**Work instructions**
Reproduce the entries that follow verbatim, down to the final line.

**Data records**
+ + + + +

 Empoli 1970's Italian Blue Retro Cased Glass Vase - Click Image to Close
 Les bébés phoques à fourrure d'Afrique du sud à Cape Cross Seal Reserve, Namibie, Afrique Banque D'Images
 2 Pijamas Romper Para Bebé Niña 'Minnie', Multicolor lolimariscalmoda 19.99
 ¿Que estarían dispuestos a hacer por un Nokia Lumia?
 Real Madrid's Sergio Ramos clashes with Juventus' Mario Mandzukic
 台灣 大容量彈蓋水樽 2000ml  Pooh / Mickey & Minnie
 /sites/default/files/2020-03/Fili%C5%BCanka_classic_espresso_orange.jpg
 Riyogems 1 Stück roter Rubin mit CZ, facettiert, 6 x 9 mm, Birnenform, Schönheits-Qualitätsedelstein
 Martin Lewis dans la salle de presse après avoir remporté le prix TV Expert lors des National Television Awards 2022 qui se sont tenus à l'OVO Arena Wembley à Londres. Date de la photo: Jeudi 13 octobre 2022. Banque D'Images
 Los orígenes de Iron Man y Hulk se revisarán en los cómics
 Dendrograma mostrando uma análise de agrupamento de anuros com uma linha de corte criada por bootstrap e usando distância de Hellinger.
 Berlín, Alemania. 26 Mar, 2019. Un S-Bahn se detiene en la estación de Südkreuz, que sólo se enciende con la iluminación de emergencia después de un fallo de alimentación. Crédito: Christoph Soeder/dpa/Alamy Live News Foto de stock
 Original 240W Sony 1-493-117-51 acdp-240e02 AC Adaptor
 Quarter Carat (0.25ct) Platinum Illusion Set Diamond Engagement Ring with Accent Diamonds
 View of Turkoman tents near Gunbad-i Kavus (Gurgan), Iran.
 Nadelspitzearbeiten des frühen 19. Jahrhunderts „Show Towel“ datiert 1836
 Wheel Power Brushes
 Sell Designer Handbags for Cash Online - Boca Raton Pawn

+ + + + +

**Answer to this exercise**
 Empoli 1970's Italian Blue Retro Cased Glass Vase - Click Image to Close
 Les bébés phoques à fourrure d'Afrique du sud à Cape Cross Seal Reserve, Namibie, Afrique Banque D'Images
 2 Pijamas Romper Para Bebé Niña 'Minnie', Multicolor lolimariscalmoda 19.99
 ¿Que estarían dispuestos a hacer por un Nokia Lumia?
 Real Madrid's Sergio Ramos clashes with Juventus' Mario Mandzukic
 台灣 大容量彈蓋水樽 2000ml  Pooh / Mickey & Minnie
 /sites/default/files/2020-03/Fili%C5%BCanka_classic_espresso_orange.jpg
 Riyogems 1 Stück roter Rubin mit CZ, facettiert, 6 x 9 mm, Birnenform, Schönheits-Qualitätsedelstein
 Martin Lewis dans la salle de presse après avoir remporté le prix TV Expert lors des National Television Awards 2022 qui se sont tenus à l'OVO Arena Wembley à Londres. Date de la photo: Jeudi 13 octobre 2022. Banque D'Images
 Los orígenes de Iron Man y Hulk se revisarán en los cómics
 Dendrograma mostrando uma análise de agrupamento de anuros com uma linha de corte criada por bootstrap e usando distância de Hellinger.
 Berlín, Alemania. 26 Mar, 2019. Un S-Bahn se detiene en la estación de Südkreuz, que sólo se enciende con la iluminación de emergencia después de un fallo de alimentación. Crédito: Christoph Soeder/dpa/Alamy Live News Foto de stock
 Original 240W Sony 1-493-117-51 acdp-240e02 AC Adaptor
 Quarter Carat (0.25ct) Platinum Illusion Set Diamond Engagement Ring with Accent Diamonds
 View of Turkoman tents near Gunbad-i Kavus (Gurgan), Iran.
 Nadelspitzearbeiten des frühen 19. Jahrhunderts „Show Towel“ datiert 1836
 Wheel Power Brushes
 Sell Designer Handbags for Cash Online - Boca Raton Pawn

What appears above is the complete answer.